There are many other frameworks that are based on the push mode. In this mode, the mediation platform must be able to identify appropriate workers automatically based on certain factors. References [11, 13] develop a selection framework to enable organizers to identify well-suited participants for data collections based on geographic and temporal availability, transportation mode, and the coverage. PRISM [7] takes the device's sensing capabilities and worker's location as the constraints to select appropriate workers. Anonysense [8] takes time, worker's location, and privacy setup into account when identifying workers. Reference [9] proposes an assignment policy to identify suitable workers based on their device's location, battery level, and the overall spatial coverage. CrowdRecruiter [10] aims at minimizing incentive payments by selecting a small number of participants while still satisfying probabilistic coverage constraint. Crowdlab [14] schedules the task based on location and battery resource budget. Reference [15] takes location as the only context for worker selection. A QoI-Aware energy-efficient worker selection framework has recently been proposed [16], which considers the QoI requirements, the energy consumption index, and the estimation of the collected amount of data. The literature [17] selects workers based on the data quality requirements, location, and budget constraints. Although these works also take many contexts into account for worker selection, they only consider demonstrative contexts to support their motivating scenarios but do not provide general context models in support of crowd-sensing at large. Our paper proposes a core context model for worker selection, in which the general concepts for crowd-sensing are defined and characterized. All the demonstrative contexts in above frameworks can be modeled by extending our core context model. Besides, worker selection in the most of existing frameworks is merely based on the constraint defined by the task creator, while WSelector takes the worker-side contexts into account.

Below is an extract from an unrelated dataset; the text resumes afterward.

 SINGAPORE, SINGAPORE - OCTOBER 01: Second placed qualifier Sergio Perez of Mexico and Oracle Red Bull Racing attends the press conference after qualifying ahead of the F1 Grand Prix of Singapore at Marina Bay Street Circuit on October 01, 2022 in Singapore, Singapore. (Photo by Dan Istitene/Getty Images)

A comparison of the platforms or frameworks in terms of worker selection is summarized in Table 1.

Table 1

Worker selection of typical mediation platforms or framework: a comparison.

Platforms/frameworks	Comparison aspect
Platforms/frameworks	Push/pull	Consideration for contexts	Whether to consider worker-side contexts
Amazon Mechanical Turk [1]	Pull	No context	No
Medusa [2]	Pull	No context	No
CrowdDB [3]	Pull	No context	No
CrowdSearch [4]	Pull	No context	No
TurKit [5]	Pull	No context	No
mCrowd [12]	Pull	No context	No
[6, 11]	Push	Geographic and temporal availability, transportation mode, and the coverage	No
PRISM [7]	Push	Device's sensing capabilities and worker's location	No
Anonysense [8]	Push	Time, worker's location, and privacy setup	No
[9]	Push	Device's location, battery level, and the overall spatial coverage	No
CrowdRecruiter [10]	Push	Incentive payments and coverage constraint	No
Crowdlab [14]	Push	Location and battery budget	Yes
[15]	Push	Location	No
[16]	Push	Energy consumption and data quality	No
[17]	Push	data quality requirements, location, and budget constraints	No
WSelector	Push	Providing general context model	Yes

2.2. Ontology-Based Context Modeling

Ontology-based context modeling techniques are widely used in pervasive computing systems, especially for modeling heterogeneous contexts in smart pervasive spaces. One of the first approaches of modeling the context with ontologies has been proposed by [18], which analyzed psychological studies on the difference between recall and recognition of several issues in combination with contextual information. Another approach has been proposed as the Aspect-Scale-Context Information (ASC) model [19]. Ontologies provide a uniform way for specifying the model's core concepts as well as an arbitrary amount of subconcepts and facts, altogether enabling contextual knowledge sharing and reuse [20]. The model has been implemented by applying selected ontology languages. These implementations build up the core of a nonmonolithic Context Ontology Language (CoOL), which is supplemented by integration elements such as scheme extensions for Web Services and others [21, 22]. The CONON context modeling approach [23, 24] created an upper ontology which captures general features of basic contextual entities and a collection of domain-specific ontologies and their features in each subdomain. Above works inspire our work to some extent, especially the idea of building domain-specific ontology based on an upper-level ontology proposed by [23, 24]. However, to the best of our knowledge, our paper is a first work using ontology-based context modeling in crowd-sensing.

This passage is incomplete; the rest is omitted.